# 1967 GTO Headlight alignment



## cmm47172 (Jun 9, 2013)

My 67 Pontiac GTO that has four headlights, two for low beam and two
for high beam. I am trying to align all four to the original factory
specifications. What are the specs?

I know the procedure for aligning the lights and know that I need to park
the car "X" number of feet from a wall and mark a reference point on the
wall "X" number of inches from the floor. I need the measurements that will
give me the correct reference point. I need to know the factory value for "X".

Most people do not know the answer to this question and usually say to
direct the beams to "whatever looks right". I would like to be more precise than that. I know Pontiac had to engineer an exact specification, although finding the info seems to be impossible. I tried reaching out to Pontiac and they could't provide the info either.

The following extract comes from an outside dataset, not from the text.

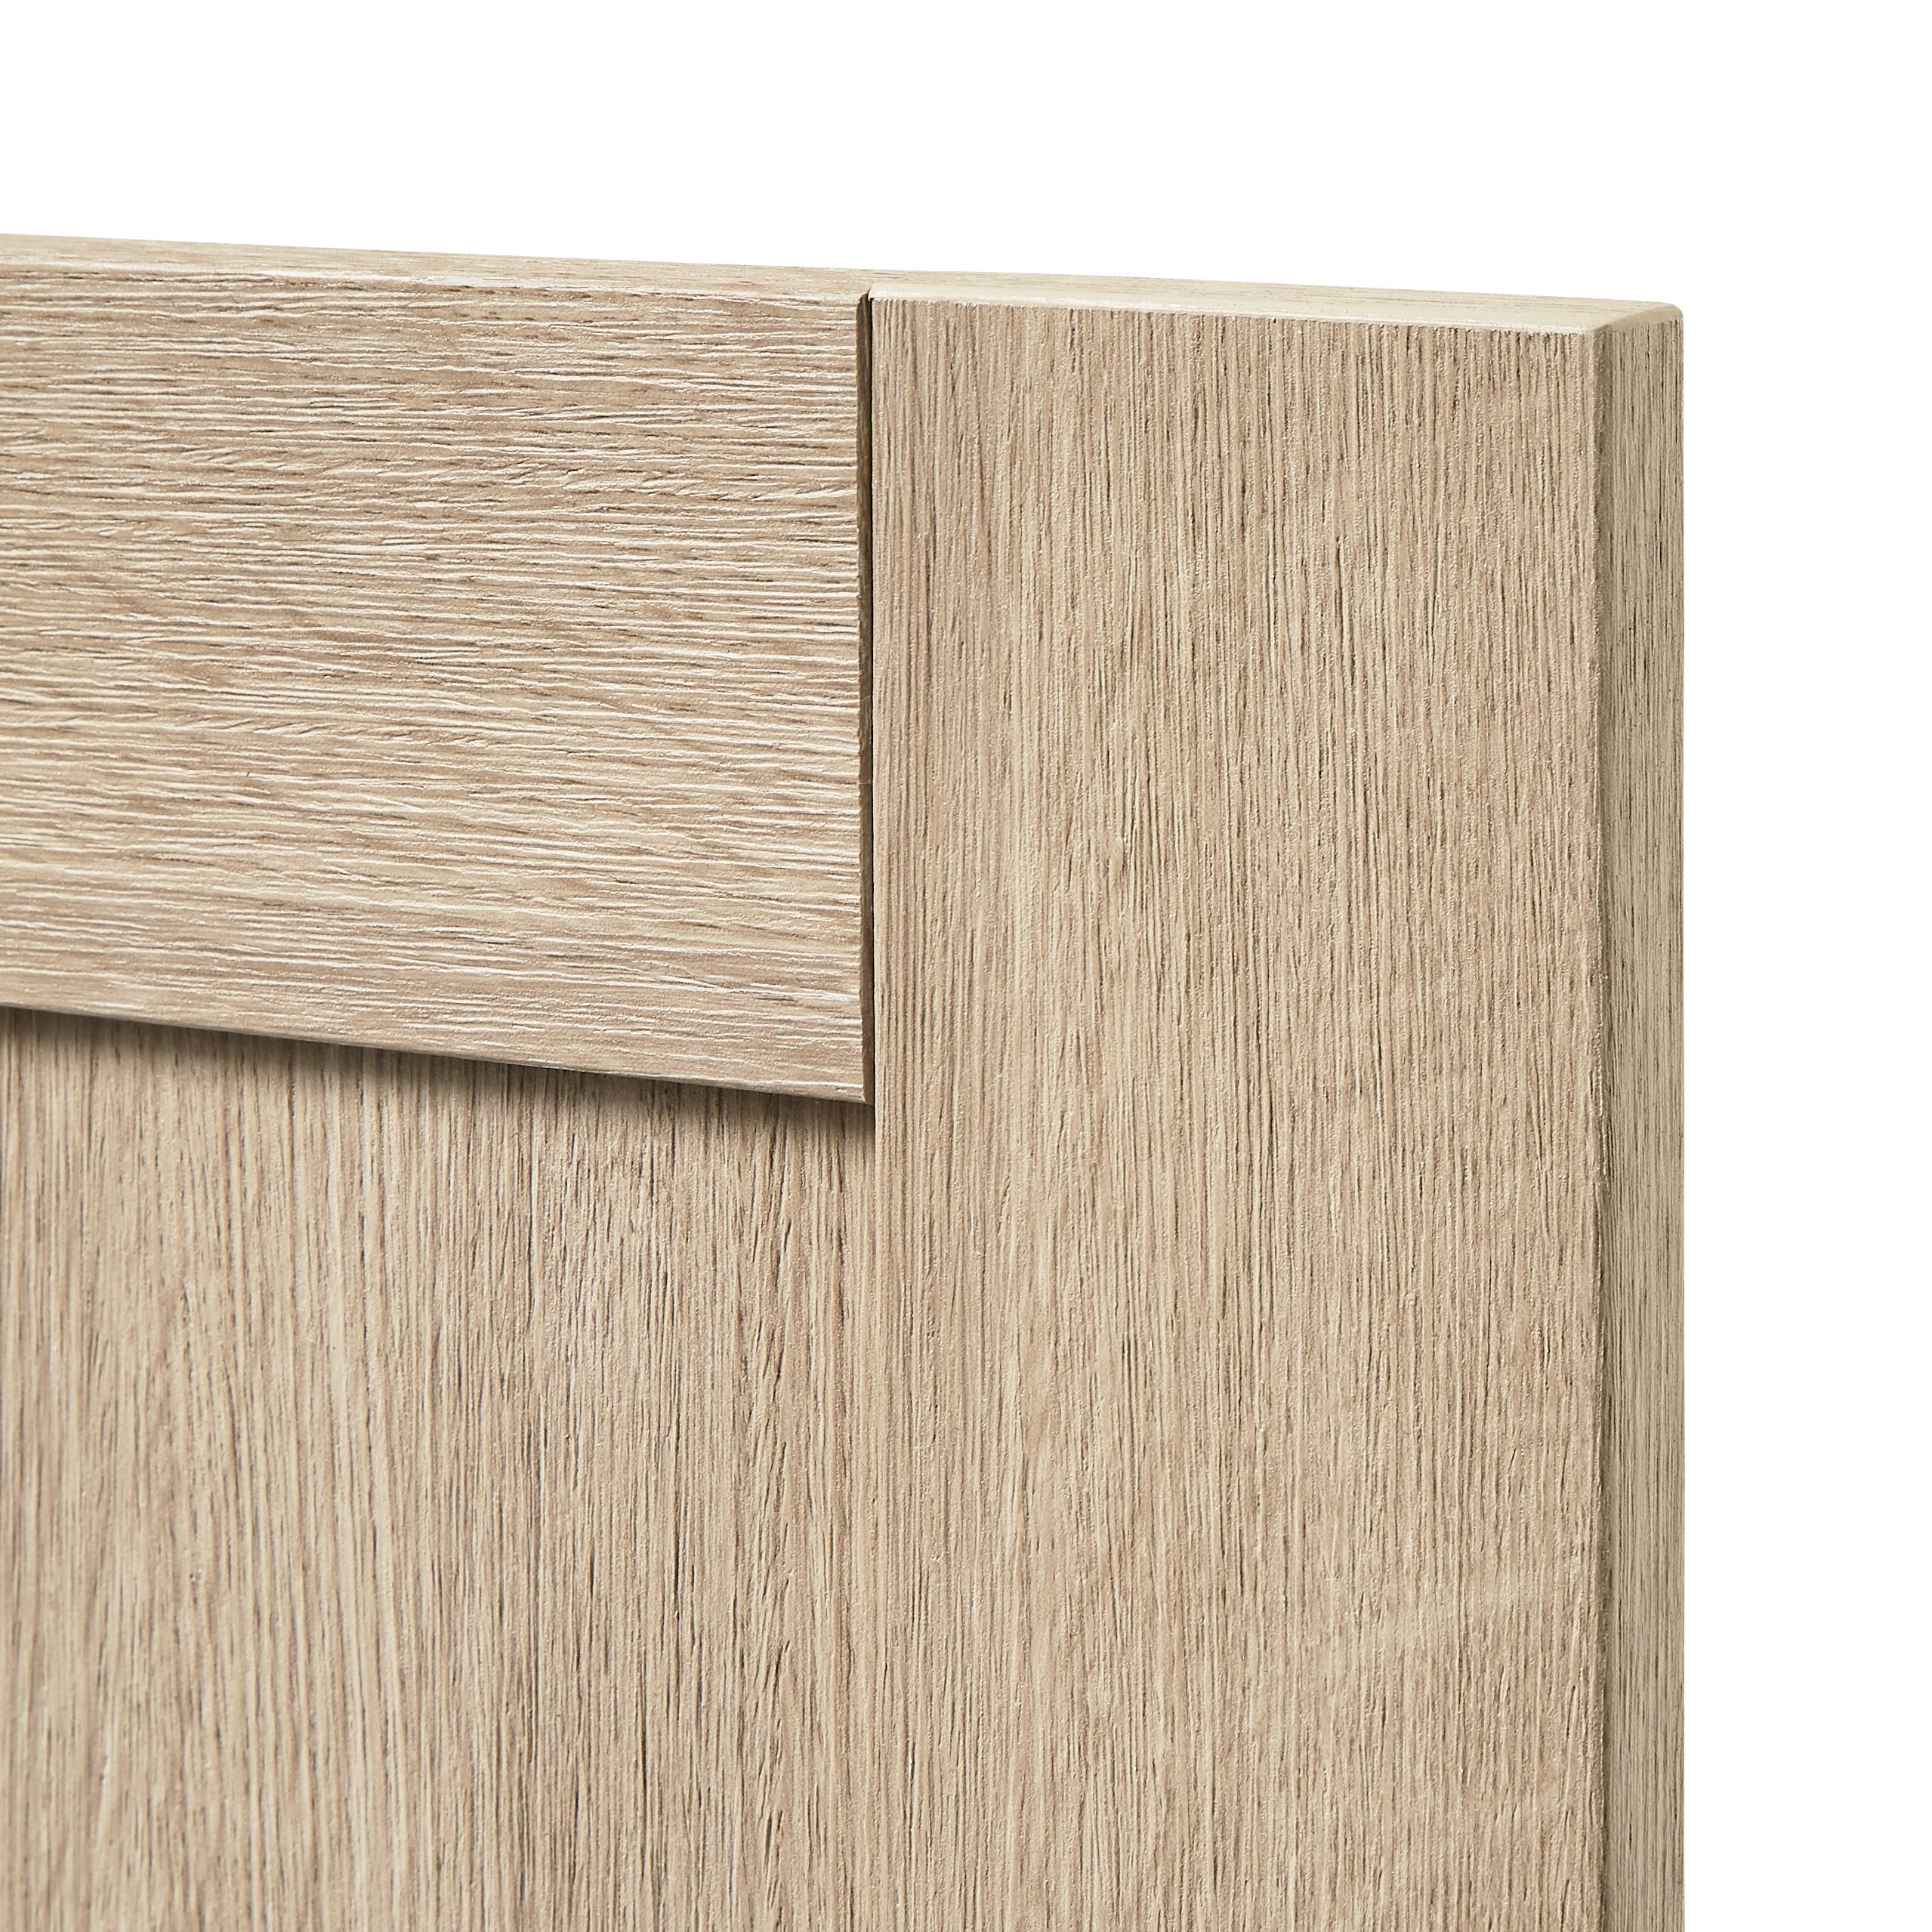 GoodHome Alpinia Oak effect shaker Highline Cabinet door (W)300mm (H)715mm (T)18mm

Also, I would like to find a brighter bulb. The originals suck at best. I read an article on this site called "Shed Some Light...Headlight upgrades for muscle cars" by some guy named Craig who mentions a KIT called "H4 retrofit kit".
Does anyone know about the kit and have any comments about it.


----------



## cmm47172 (Jun 9, 2013)

Is my Goat Cart too old for this forum?
Does anyone have info on the alignment gadget that was used by the factory back in 1967. What was it called?


----------



## Rukee (Feb 8, 2007)

Most body shops should have the tool to align the head lights. I remember my dad had tools that suction cupped to the lights, had mirrors and bubble levelers in them then you would adjust to align the lines in the mirrors.


----------



## MY67GTO (May 4, 2013)

cmm47172 said:


> My 67 Pontiac GTO that has four headlights, two for low beam and two
> for high beam. I am trying to align all four to the original factory
> specifications. What are the specs?
> 
> ...


In the 67 Pontiac Service Manual page 12-22 is a diagram fig. 12-20 that has measurements and instructions to aim both lights. First thing needed is a level spot 25ft from a wall to aim on. It is too complicated to try and explain without a picture. I eventually parked in my garage and swaged it. Worked pretty good for me. You can take another vehicle and park in the same spot to give you a starting point. 
Good luck, Bob


----------



## Rukee (Feb 8, 2007)

When all 4 head lights are on, you can unplug the low beams so you can better see where the high beams are pointed.


----------



## cmm47172 (Jun 9, 2013)

MY67GTO said:


> In the 67 Pontiac Service Manual page 12-22 is a diagram fig. 12-20 that has measurements and instructions to aim both lights. First thing needed is a level spot 25ft from a wall to aim on. It is too complicated to try and explain without a picture. I eventually parked in my garage and swaged it. Worked pretty good for me. You can take another vehicle and park in the same spot to give you a starting point.
> Good luck, Bob


Can anyone post the "67 Pontiac Service Manual page 12-22 is a diagram fig. 12-20"? I can't seem to find it anywhere.


----------



## PontiacJim (Dec 29, 2012)

cmm47172 said:


> Can anyone post the "67 Pontiac Service Manual page 12-22 is a diagram fig. 12-20"? I can't seem to find it anywhere.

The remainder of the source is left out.